String(ByteBuffer[] srcs, String charset);
(or more generally, String(ByteBuffer[] srcs, int off, int len, String 
charset)

to create a String object from a sequence of ByteBuffers, if it's really 
desired.

And then I would also assume it will also be desired to extend the current
CharsetDecoder/Encoder class as well to add a pair of the "gathering" 
style coding
methods

CharBuffer CharsetDecoder.decode(ByteBuffer... ins);
ByteBuffer CharsetEncoder.encode(CharBuffer... ins);

Though the implementation might have to deal with the tricky "splitting
byte/char" issue, in which part of the "byte/char sequence" is in the 
previous
buffer and the continuing byte/chars are in the next following buffer ...

-Sherman

On 2/9/16 7:20 AM, Chris Vest wrote:
> Hi,
>
> Aleksey Shipilev did a talk on his journey to implement compact strings and indified string concat at the JVM Tech Summit yesterday, and this reminded me that we (Neo4j) have a need for turning segments of DirectByteBuffers into Strings as fast as possible. If we already store the string data in Latin1, which is one of the two special encodings for compact strings, we’d ideally like to produce the String object with just the two necessary object allocations and a single, vectorised memory copy.
>
> Our use case is that we are a database and we do our own file paging, effectively having file data in a large set of DirectByteBuffers. We have string data in our files in a number of different encodings, a popular one being Latin1. Occasionally these String values span multiple buffers. We often need to expose this data as String objects, in which case decoding the bytes and turning them into a String is often very performance sensitive - to the point of being one of our top bottlenecks for the given queries. Part of the story is that in the case of Latin1, I’ll know up front exactly how many bytes my string data takes up, though I might not know how many buffers are going to be involved.
>
> As far as I can tell, this is currently not possible using public APIs. Using private APIs it may be possible, but will be relying on the JIT for vectorising the memory copying.
>
>  From an API standpoint, CharsetDecoder is close to home, but is not quite there. It’s stateful and not thread-safe, so I either have to allocate new ones every time or cache them in thread-locals. I’m also required to allocate the receiving CharBuffer. Since I may need to decode from multiple buffers, I realise that I might not be able to get away from allocating at least one extra object to keep track of intermediate decoding state. The CharsetDecoder does not have a method where I can specify the offset and length for the desired part of the ByteBuffer I want to decode, which forces be to allocate views instead.
>
> The CharBuffers are allocated with a length up front, which is nice, but I can’t restrict its encoding so it has to allocate a char array instead of the byte array that I really want. Even if it did allocate a byte array, the CharBuffer is mutable, which would force String do a defensive copy anyway.
>
> One way I imagine this could be solved would be with a less dynamic kind of decoder, where the target length is given upfront to the decoder.
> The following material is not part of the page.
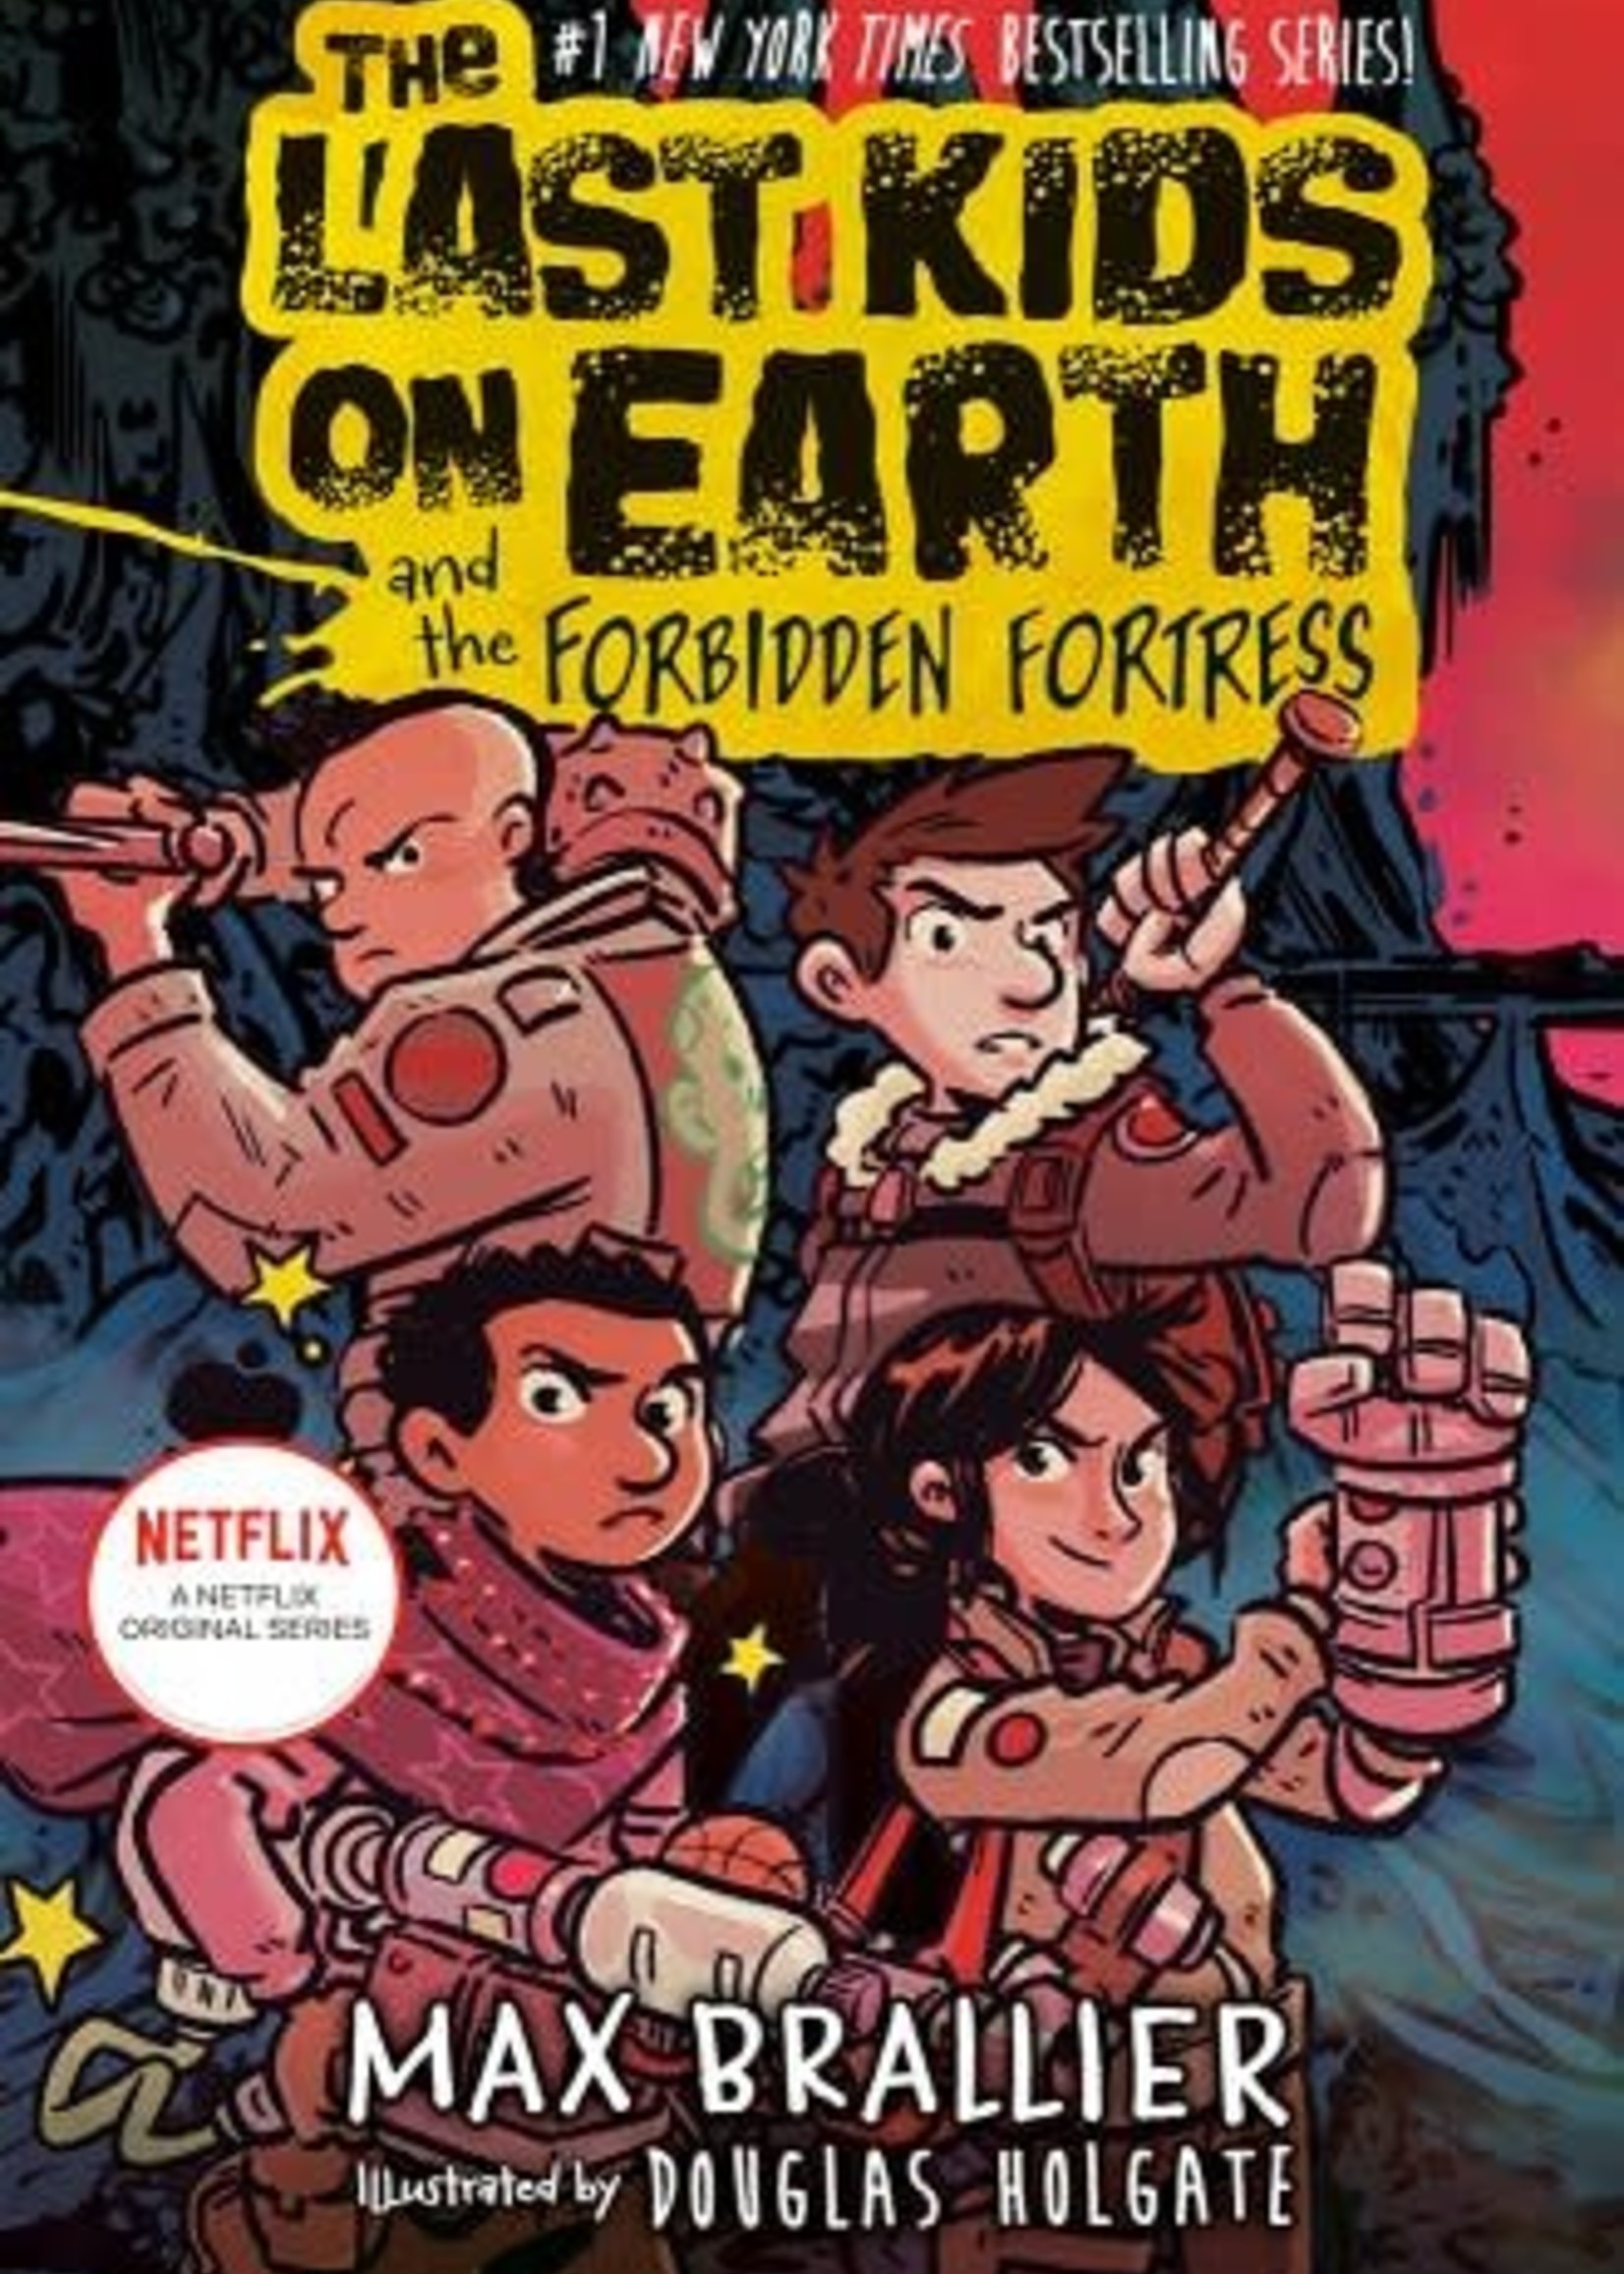 The Last Kids on Earth 8 Forbidden Fortress, Book 8
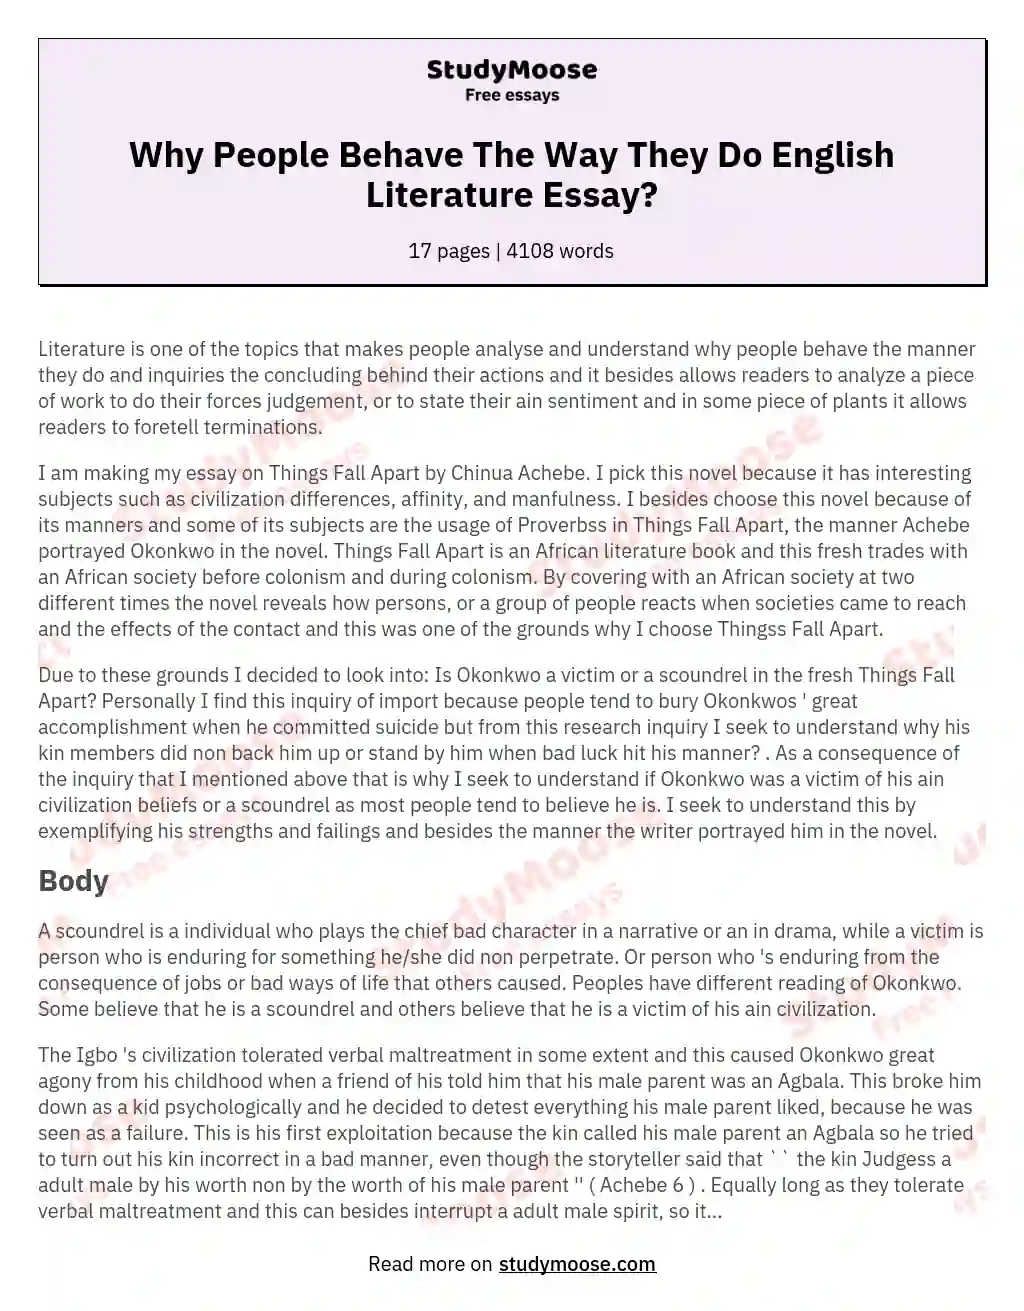 Why People Behave The Way They Do English Literature Essay?

Buffers are then consumed one by one, and a terminal method performs finishing sanity checks (did we get all the bytes we were promised?) and returns the result.
>
> StringDecoder decoder = Charset.forName(“latin1").newStringDecoder(lengthInCharactersOrBytesImNotSureWhichIsBest);
> String result = decoder.decode(buf1, off1, len1).decode(buf2, off2, len2).done();
>
> This will in principle allow the string decoding to be 2 small allocations, an array allocation without zeroing, and a sequence of potentially vectorised memcpys. I don’t see any potentially troubling interactions with fused Strings either, since all the knowledge (except for the string data itself) needed to allocate the String objects are available from the get-go.
>
> What do you guys think?
>
> Btw, Richard Warburton has already done some work in this area, and made a patch that adds a constructor to String that takes a buffer, offset, length, and charset. This work now at least needs rebasing: http://cr.openjdk.java.net/~rwarburton/string-patch-webrev/ <http://cr.openjdk.java.net/~rwarburton/string-patch-webrev/>
> It doesn’t solve the case where multiple buffers are used to build the string, but does remove the need for a separate intermediate state-holding object when a single buffer is enough. It’d be a nice addition if possible, but I (for one) can tolerate a small object allocation otherwise.
>
> Cheers,
> Chris
>